Venna et Kokoroko au festival Jazz à la Villette - Jazz Magazine
Jazz live
Publié le 12 Sep 2026

Venna et Kokoroko au festival Jazz à la Villette

Grande Halle de la Villette, 6 septembre

En guise de bouquet final de l’édition 2026, Jazz à la Villette avait choisi de proposer un programme autour de la scène londonienne, qui ne cesse depuis quelques années de voir émerger de nouveaux talents.

Le saxophoniste Venna – Malik Venner selon à l’état civil – est le premier à se présenter avec son trio pour un cet centré autour du répertoire de son premier album, « Malik », sorti l’année dernière. Entendu chez Burna Boy, Arlo Parks, Yussef Dayes et Little Simz, le musicien a déjà son public fidèle, qui réclame et obtient les titres qui lui ont permis de se faire remarquer sur les réseaux sociaux ces deniers mois, tels que My Way et Sicily Box. Le son, chaleureux et mélodique, du saxophoniste, évoque celui d’un Grover Washington Jr, mais la musique, entre jazz marqué par la pop et R&B contemporain, s’approche dangereusement d’un smooth jazz purement décoratif. Les spectateurs – dont certains sont prêts à payer 100 € pour acquérir son LP – ne se posent pas tant de questions et manifestent un enthousiasme qui permet à Venna de dépasser son créneau officiel. Difficile de savoir vers où il va aller ensuite…

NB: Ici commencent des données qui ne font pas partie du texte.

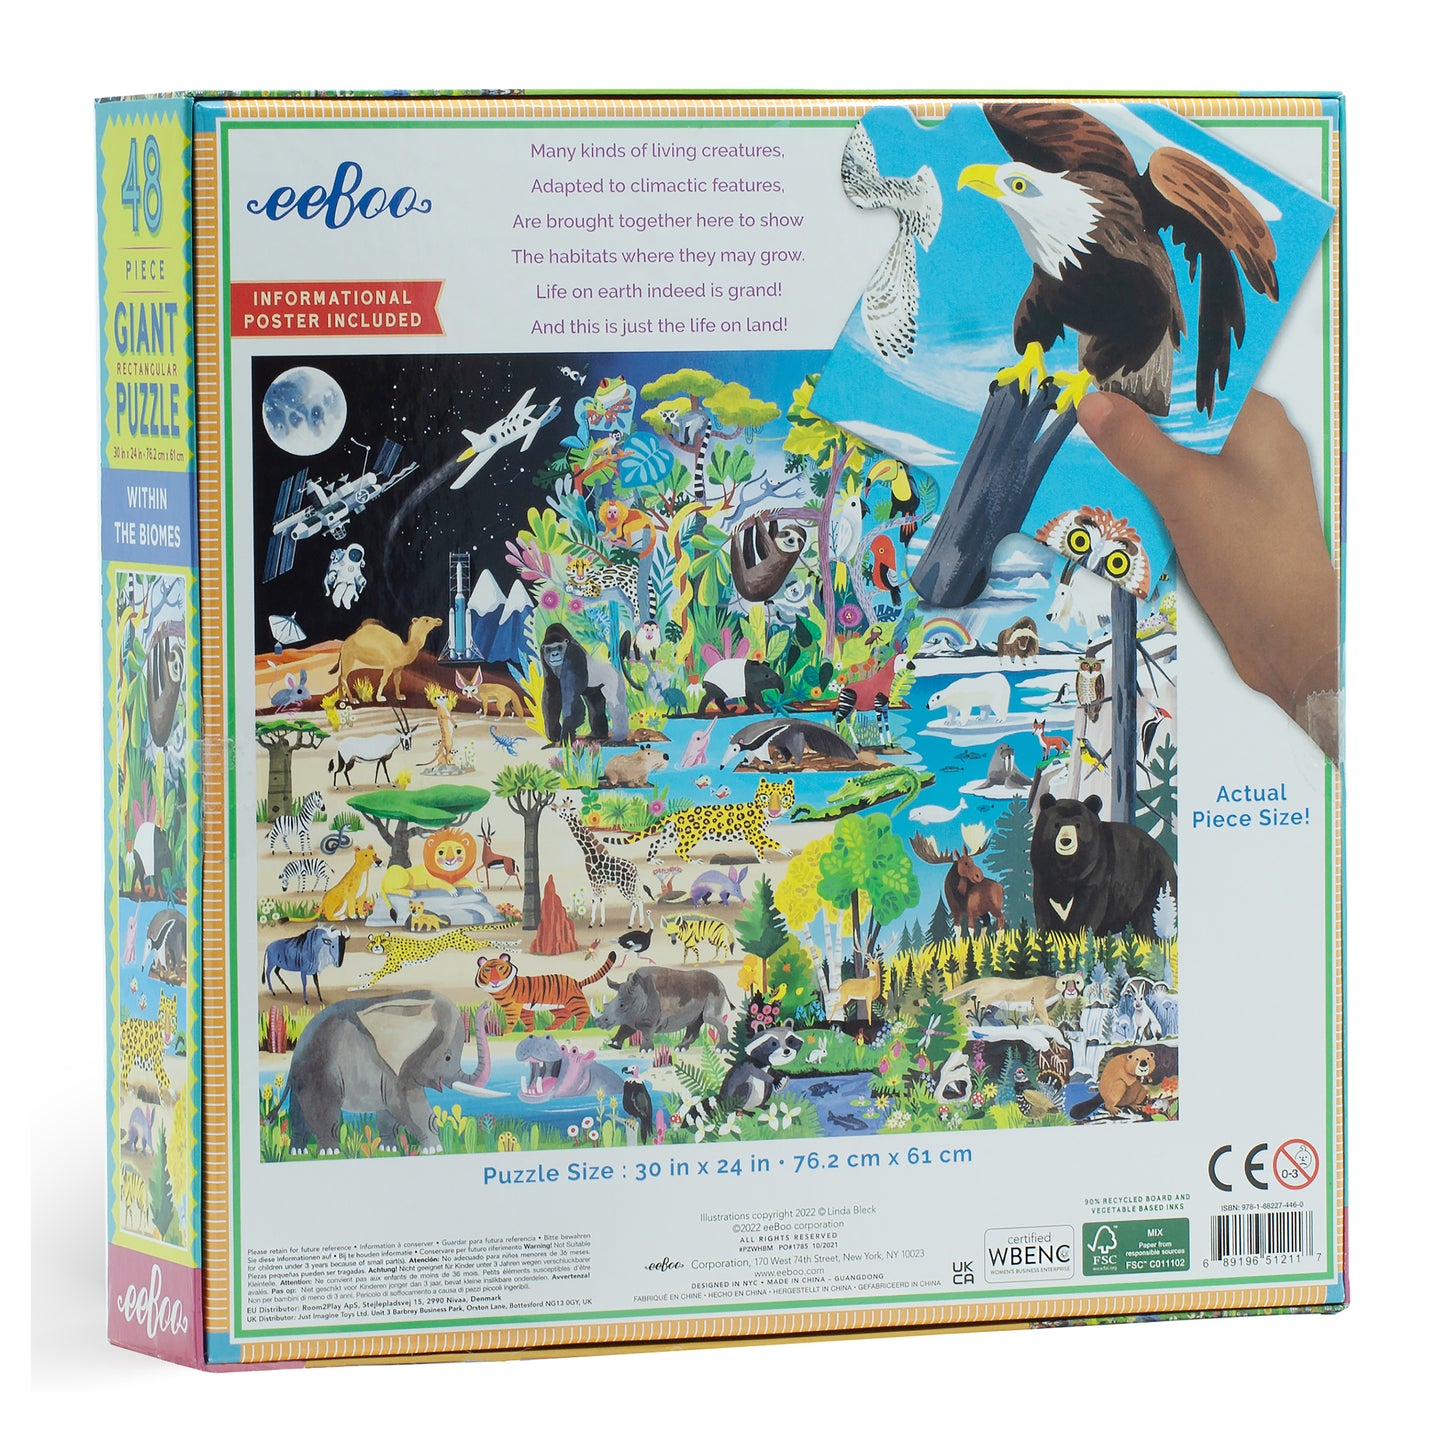 Within the Biomes Enviroment 48 Piece Giant Floor Puzzle eeBoo Educational Gifts for PreSchool Kids 4+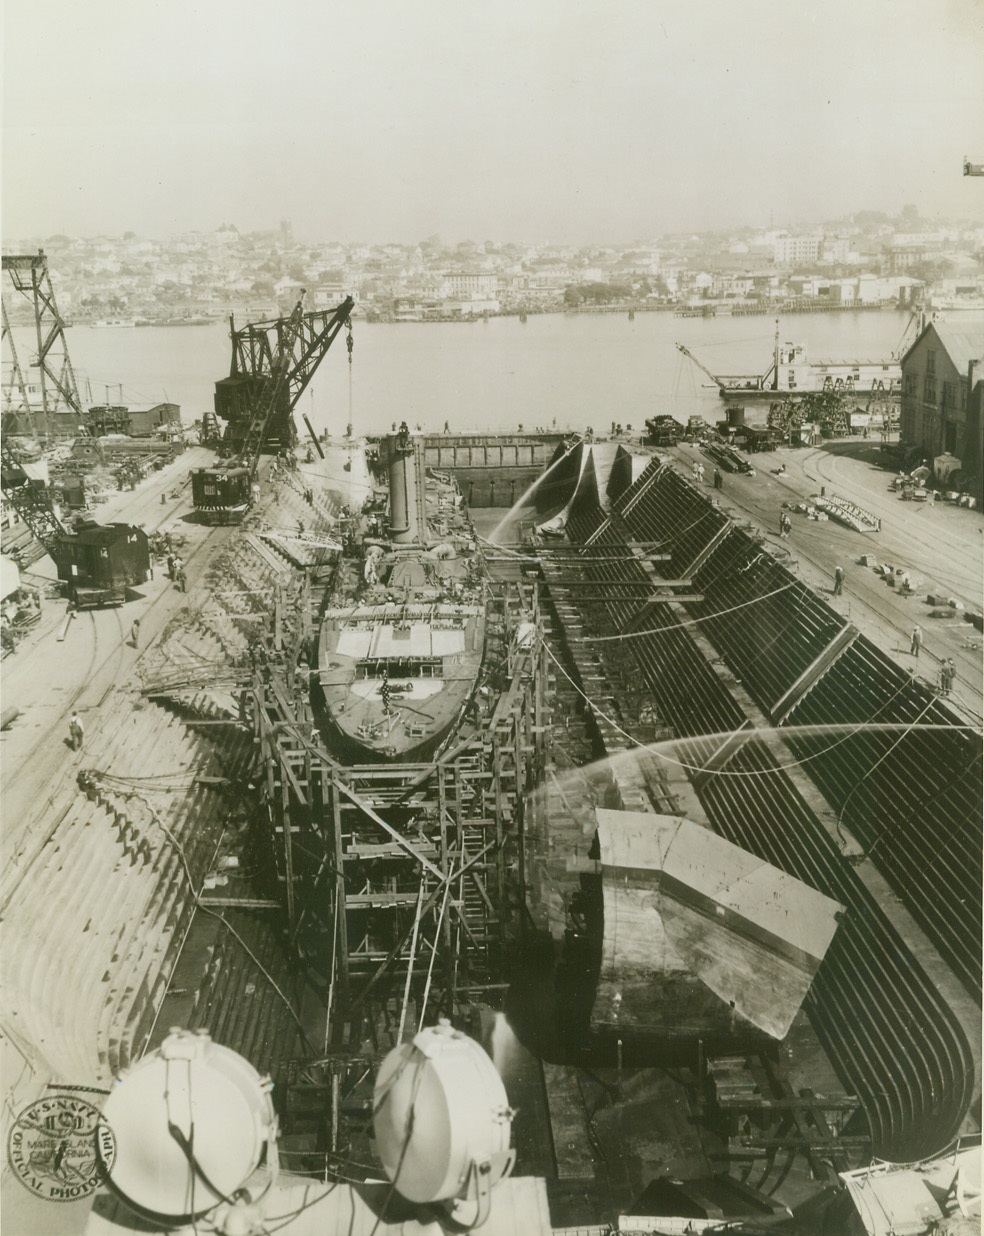 USS SHAW TAKE A BOW, 3/9/1942. AT A PACIFIC COAST NAVY YARD – The Destroyer USS Shaw is whole once again. The long, lean “sea greyhound” is shown in drydock with a new forward section to replace the temporary snub bow (right foreground) which was fitted to the vessel after damage suffered in the Japanese attack on Pearl Harbor on Dec. 7. The Destroyer arrived here under her own power. Credit: U.S. Navy photo via OWI Radiophoto from ACME;

Pas de surprise particulière avec Kokoroko. Visiteur régulier des scènes françaises, le collectif a vu sa configuration évoluer au fil des années autour de sa patronne, la trompettiste et chanteuse Sheila Maurice-Grey, sans perdre son inspiration et sa singularité. Repéré en 2018 avec l’irrésistible Abusey Junction (absent de la setlist en ce moment) sur l’anthologie « We Out Here » impulsée par Giles Peterson, le groupe continue à creuser un sillon qui convoque aussi bien le jazz que l’afrobeat au service d’une pulsation dansante et festive assez irrésistible. Sans surprise, le programme puise largement dans le répertoire du dernier album en date, « Tuff Times Never Last », avec des titres comme Idea 5 (Call My Name) ou Da Du Dah, complétés par des emprunts aux disques précédents et par deux reprises à vocation programmatique : Love and Death du vétéran du highlife Ebo Taylor, décédé il y a quelques mois, et I’ll Stay de George Clinton, dans une version évidemment inspirée de celle de Roy Hargrove.

Maurice-Grey partage la première ligne avec la chanteuse et tromboniste Anoushka Nanguy, arrivée récemment et bien intégrée dans le son d’ensemble, tandis que le reste de l’orchestre emmené par le percussionniste fondateur Onome Edgeworth crée le cadre parfait pour leur expression. Le public répond sans hésitation, et la Grande Halle prend une allure de club londonien qui lui va bien, permettant au festival de refermer ses portes sur un sommet – en attendant l’année prochaine.